Deep Q-Networks (DQN) or Proximal Policy Optimization (PPO) algorithms are commonly deployed to learn a policy that maximizes cumulative reward over an episode (e.g., a timed penetration test). The "deep" aspect allows the agent to abstract high-level strategies from raw network data, such as recognizing that discovering a web server often precedes SQL injection attempts.

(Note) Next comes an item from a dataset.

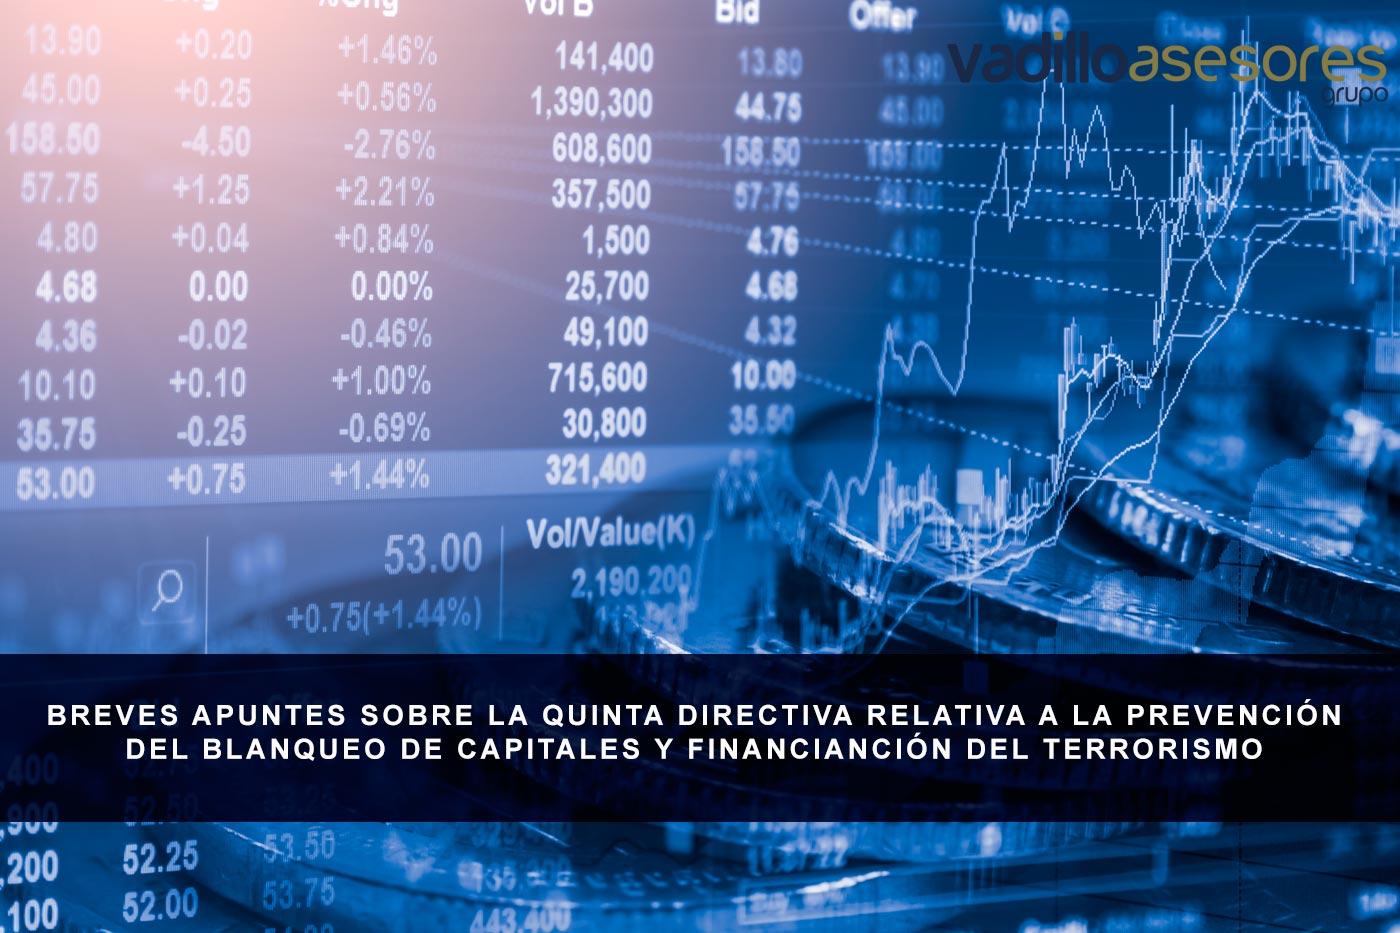 Breves apuntes sobre la quinta Directiva relativa a la Prevención del Blanqueo de Capitales y Financianción del Terrorismo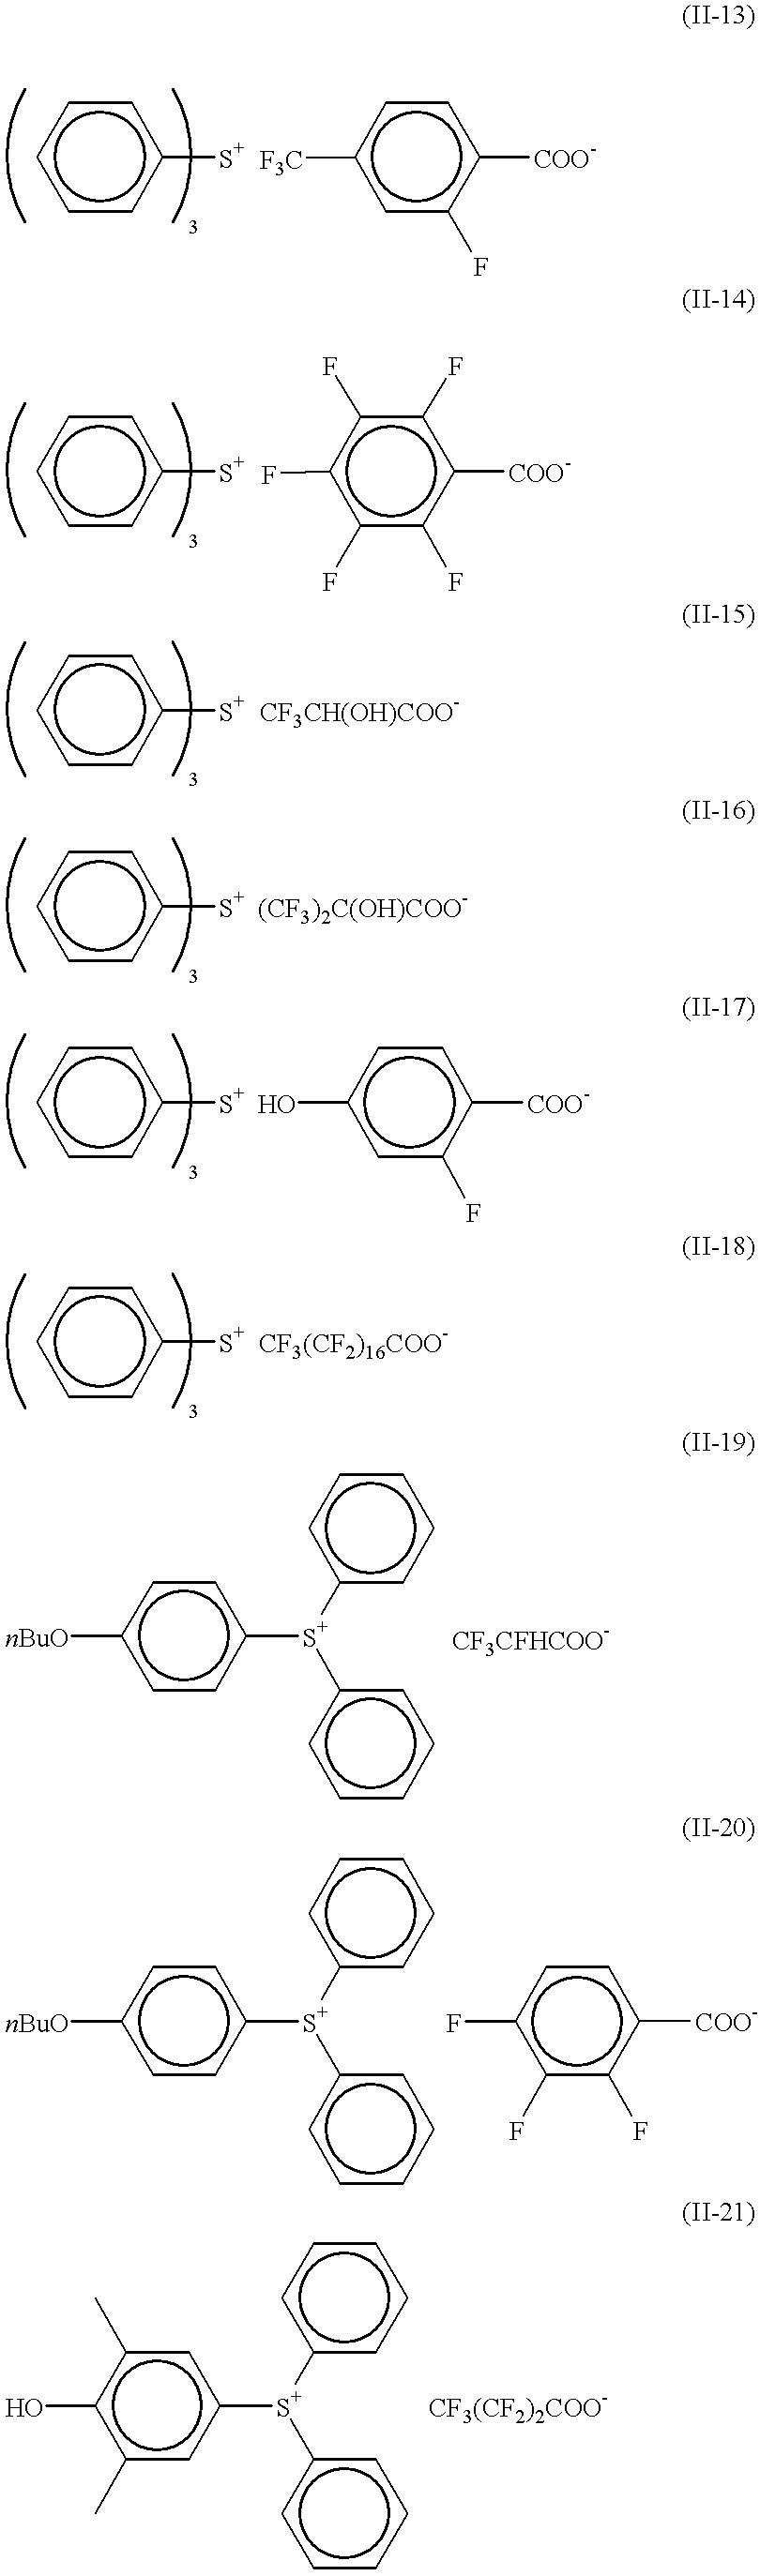 Figure US06485883-20021126-C00008

Developed by the at the Japan Advanced Institute of Science and Technology (JAIST), this tool represents a shift from static security scripts to dynamic, AI-driven offensive security. What is AutoPentest-DRL? autopentest-drl

: A 2026 survey that lists AutoPentest-DRL (referred to as "AutoPen") as a major tool in the field of automated penetration testing and network intrusion. Deep Q-Networks (DQN) or Proximal Policy Optimization (PPO)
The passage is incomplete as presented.